Motivation is a core factor for a successful business and there have been many studies around it, yet there is no definitive answer or a one size fits all solution to motivation and employee engagement.
Leaders often miss the mark when trying to ramp up employee productivity. In a recent article several employee motivational myths are debunked:
- Many think money motivates but studies show that motivating with money is not effective because it is short lived. Receiving money is periodic in nature and therefore does not continuously motivate individuals.
- Keeping employees happy with perks at break time is also not effective since employees want a break. However, enjoyment at breaks does not support to improved performance.
- Some try to avoid conflict but this doesn't help anyone. It can result in dissatisfaction and discipline.
- There are those that believe some employees can never be motivated. This simply is not true. The reasons people are motivated do vary and the challenge for managers are to find what works for all employees
- Some believe that your achievers; those workers who quickly learn, adapt, and produce; don’t need motivation. All employees need motivation. If you don’t motivate those individuals than they will get bored.
It is recognition, not money, which is the real motivator in a down economy. The author David Javitch offers 10 quick ways to motivate your employees.
1. Praise the employee for a job well done--or even partially well done.
2. If an employee is bored, involve that individual in a discussion about ways to create a more satisfying career path, including promotions based on concrete outcomes.
3. State your clear expectations for task accomplishment.
4. Ensure that the job description involves a variety of tasks.
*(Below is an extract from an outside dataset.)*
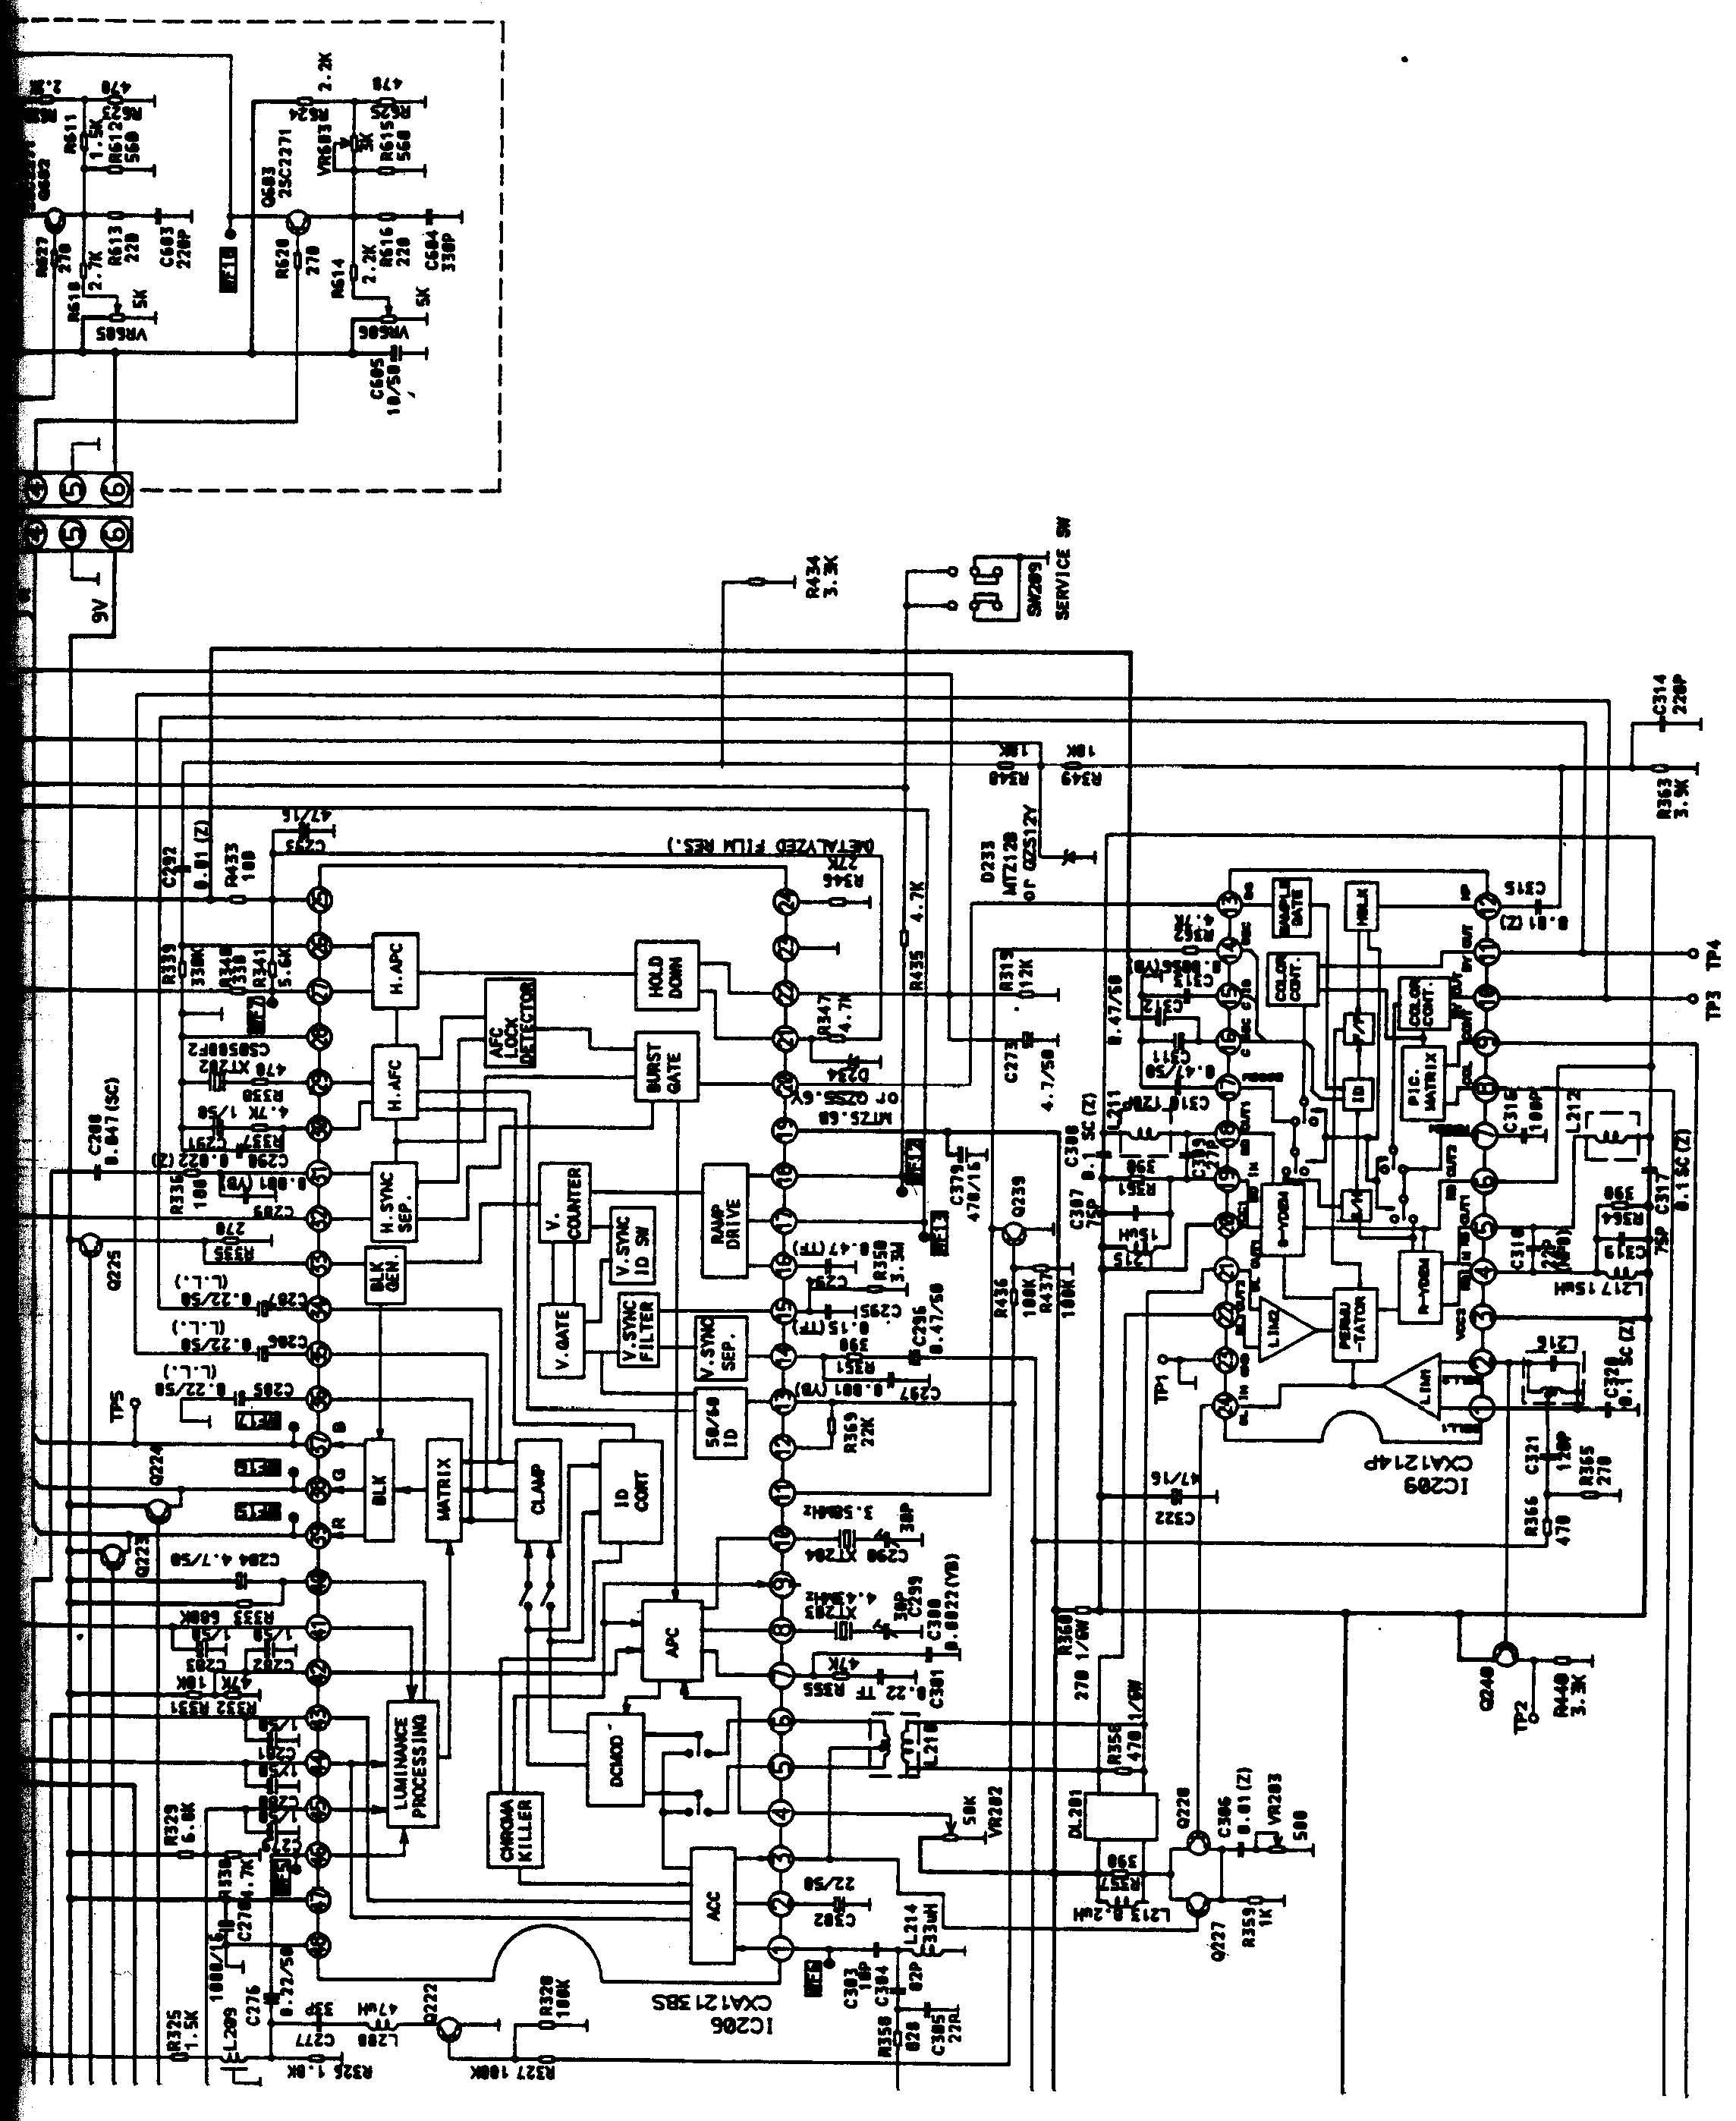 funai 2000 mk 7 schematic diagram in pdf format

5. Ensure that the employee sees that what she's doing impacts the whole process or task that others will also be part of.
6. Make sure that the employee feels that what he/she is doing is meaningful.
7. Provide feedback along the way, pointing out both positive and negative aspects.
8. Allow for an appropriate amount of autonomy for the employee based on previous and anticipated accomplishment.
9. Increase the depth and breadth of what the employee is currently doing.
10. Provide the employee with adequate opportunity to succeed.
All of which
are easy to do and cost nothing. What is missing and probably most important is
the frequency with which we motivate people as the quote above highlights.
All you have to do to understand your company’s culture is to ask “What gets rewarded around here?” Because what get’s rewarded gets done. It is important for leaders to ensure their employees are not only working on the right things but that they do so productively. When motivating employees consider what you reward and how you reward it because employees want to be recognized for doing a good job.